Брюллов, несмотря на все свое сходство с болонцами, в сущности, сильно уступал им. Он был слишком засушен суровой и тупой школой Андрея Иванова и слишком опошлился затем среди варварского в художественном отношении общества, чтоб равняться ученому Карраччи, соблазнительному Гвидо, мрачному Гверчино и умному Дзампиери. Совсем другое — Бруни, который был достойным наследником всех этих художников и великолепно впитал в себя их изумительное мастерство, подобно им, сумел развиться до высшей точки школьного совершенства. Мало того, ему удалось придать к унаследованному от них эклектическому фонду, состоящему из заимствований у Рафаэля, Леонардо и Буонарроти (заимствований, так остроумно ими претворенных в нечто более доступное для толпы, более гибкое, растяжимое и прельстительное), еще одну, новую прелесть: прелесть святости, пикантного мистицизма, чего-то и сладострастного и чистого. Брюллов груб. Если с ним еще не совсем порешили, то благодаря только отсутствию у нас в обществе и даже среди художников любовного и глубокого отношения к искусству. Бруни, напротив того, мог бы импонировать не только у нас. Подобно некоторым западным художникам, он представляется каким-то загадочным, как будто глубоким, как будто понявшим сверхчувственное и таинственное. В нем есть и аскетическая прелесть некоторых прерафаэлитов, попавшая к нему, вероятно, от назарейцев, и рядом с этим что-то обольстительное, ядовито-сладострастное, что встречается у Альбани и Франческини.

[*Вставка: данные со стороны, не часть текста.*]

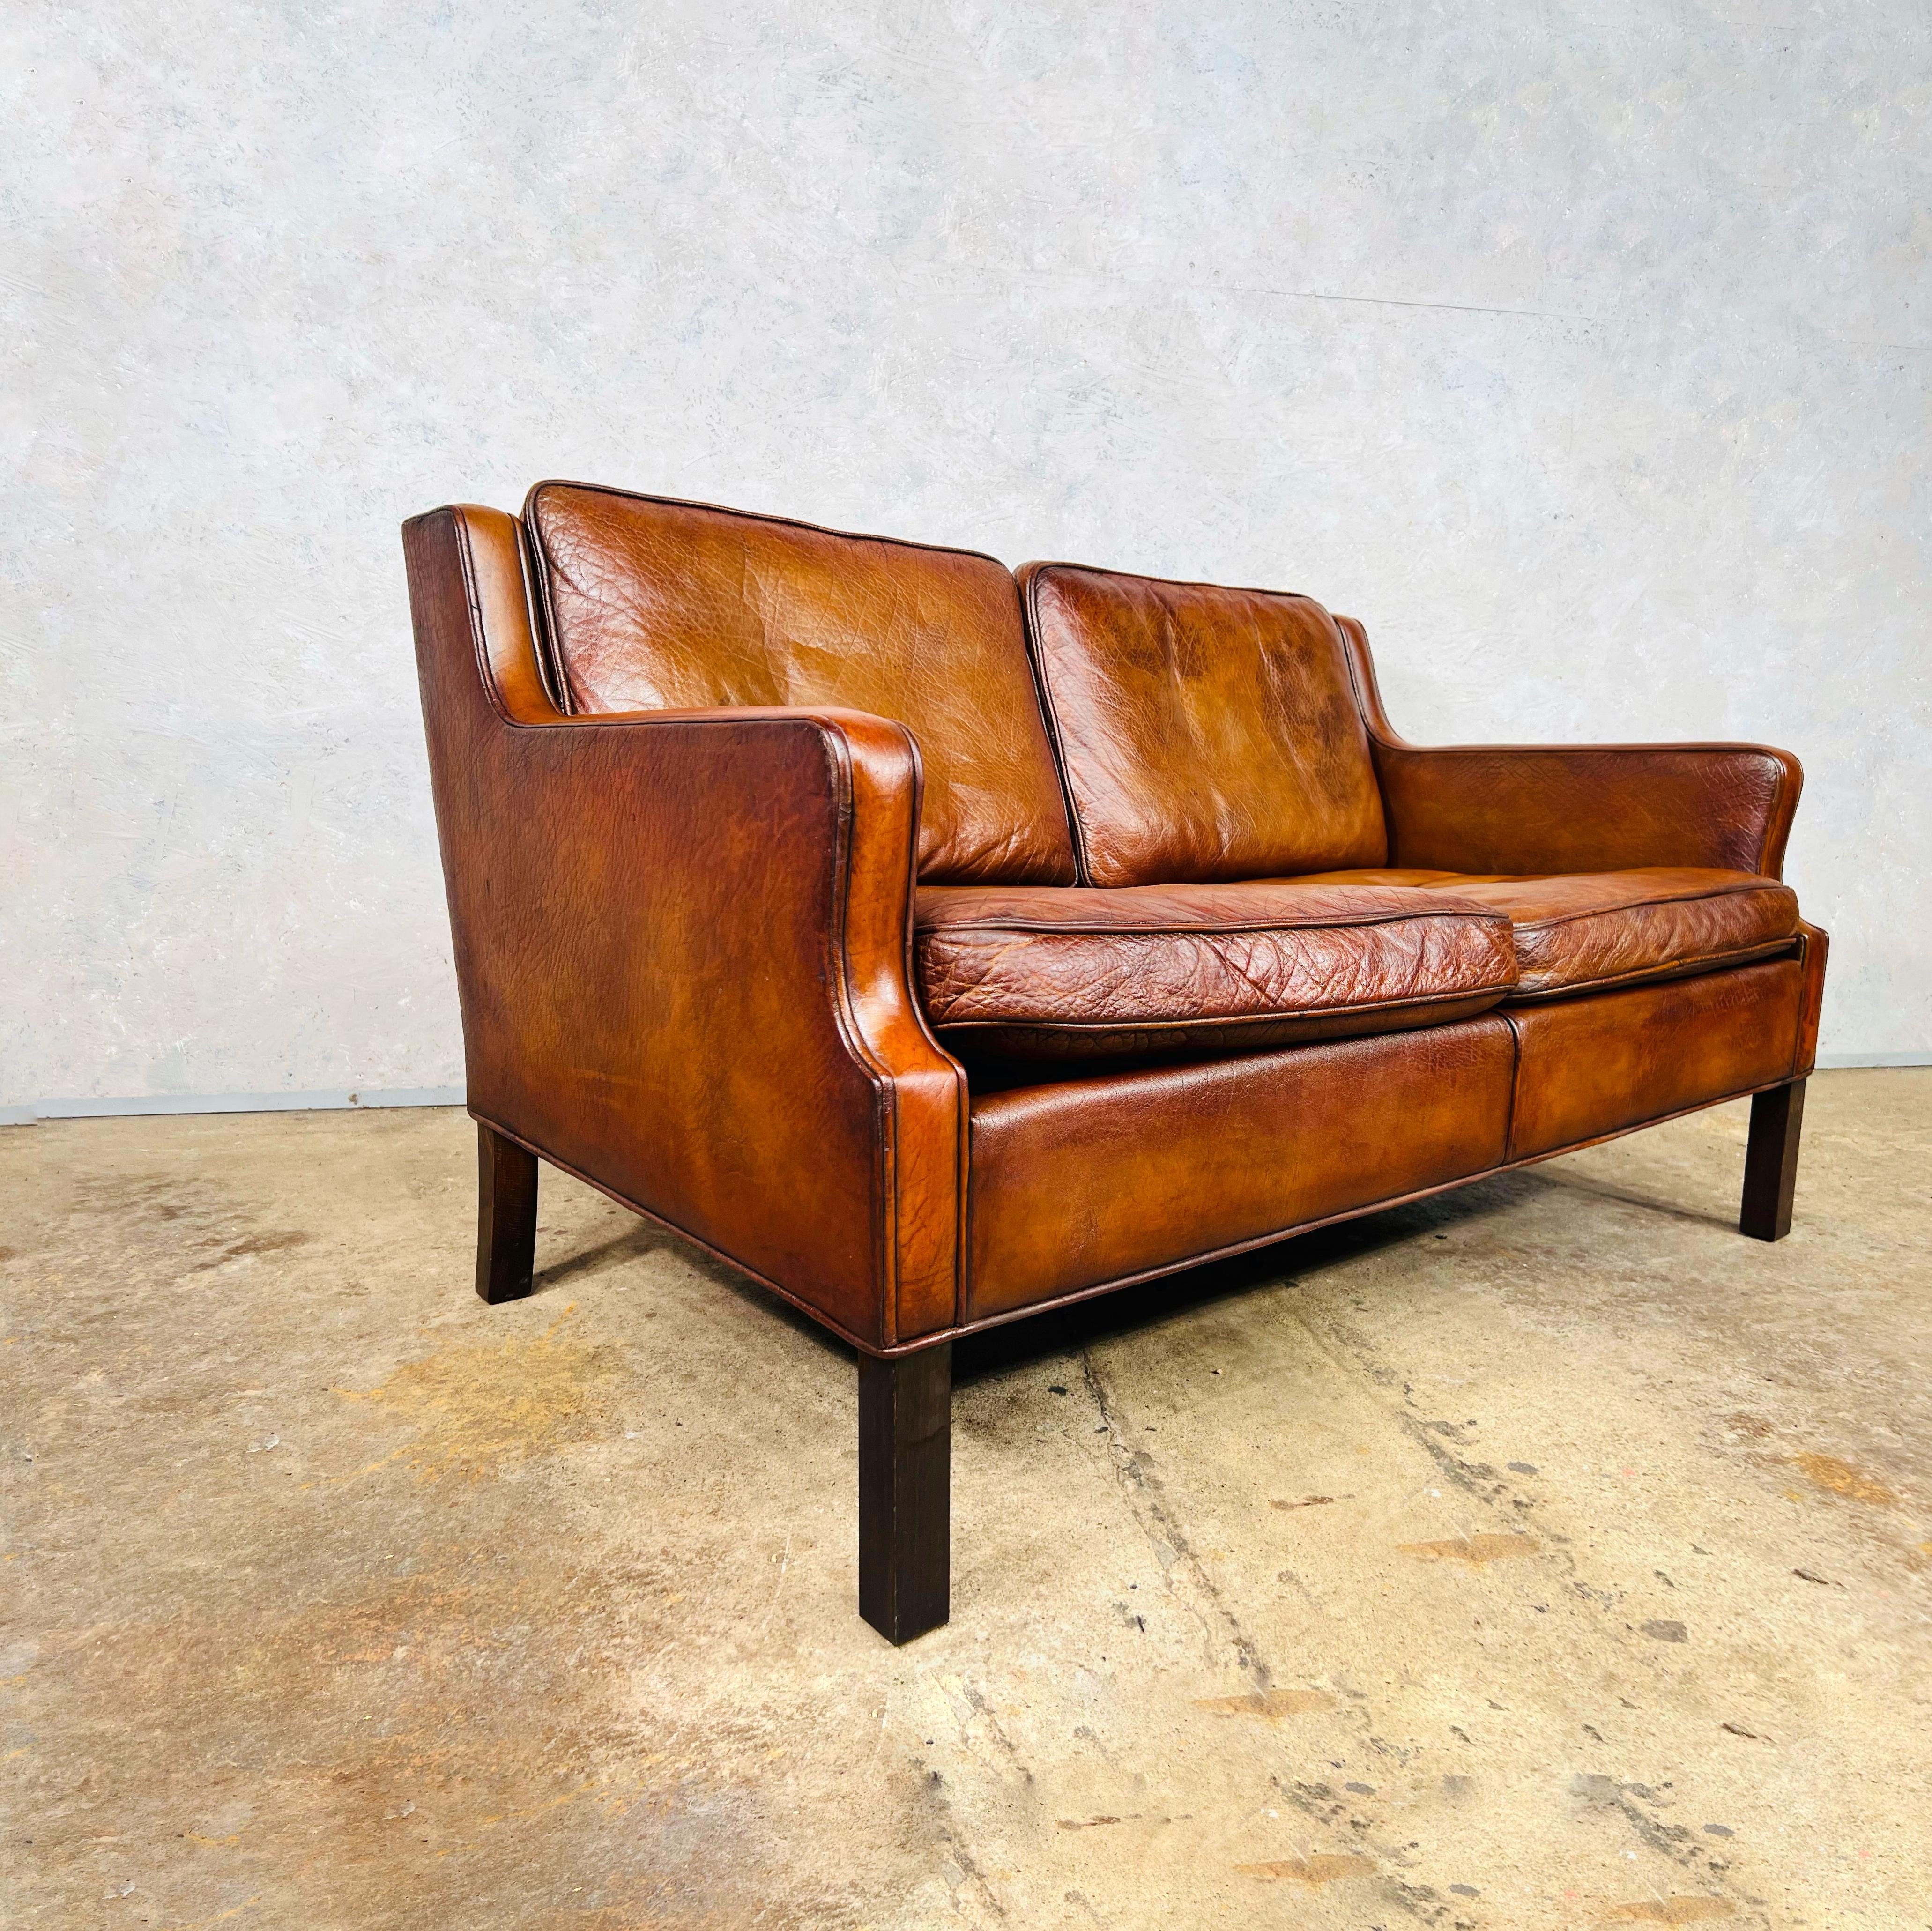 70s leather sofa

В некоторых вещах эта чувственная сторона выглянула вполне откровенно, без всякой примеси, и эти как раз вещи дают нам настоящего Бруни, помимо его воли и сознания раскрывают всю глубину языческой души его, и только эти его произведения, вероятно, навсегда сохранят свою прелесть даже тогда, когда все его полукорнелианские, полугвидовские грандиозные композиции уже никого не будут обманывать. Его вакханки, наяды и амуры действительно прекрасны. Его боги если и не боги древнегреческого Олимпа, то того Олимпа, который был открыт Рафаэлем. Замечательно, что в этих картинах Бруни виден поворот не к жеманности XVII и XVIII веков, а скорее к самому Рафаэлю, и не такой поворот, который был и в Егорове, — жалкий академический плагиат, жалкие потуги угнаться за Гением красоты, — но проявление той же откровенной, здоровой и мощной чувственности, которые составляли основу личности великого урбинца.

Однако не эти картины, которых сам «мистик» Бруни, вероятно, стыдился, составили славу его, не их предлагал он в пример молодым поколениям, не в угоду им проклинал все новое и свежее, что росло вокруг него. Бруни был дитя слишком изолгавшейся эпохи, чтобы верить даже той правде, которая была в собственной душе его, а если уж он сам не верил, то никого и не мог заставить поверить, тем более что очень мало произвел таких вещей. Славу Бруни, наоборот, составило как раз то, в чем ярче всего выразился болонизм его: те претендующие на глубину и мистику, действительно превосходно исполненные, но, в сущности, только велеречивые и риторические религиозные картины, в которых больше хитроумной подделки, нежели истинного, свободного творчества.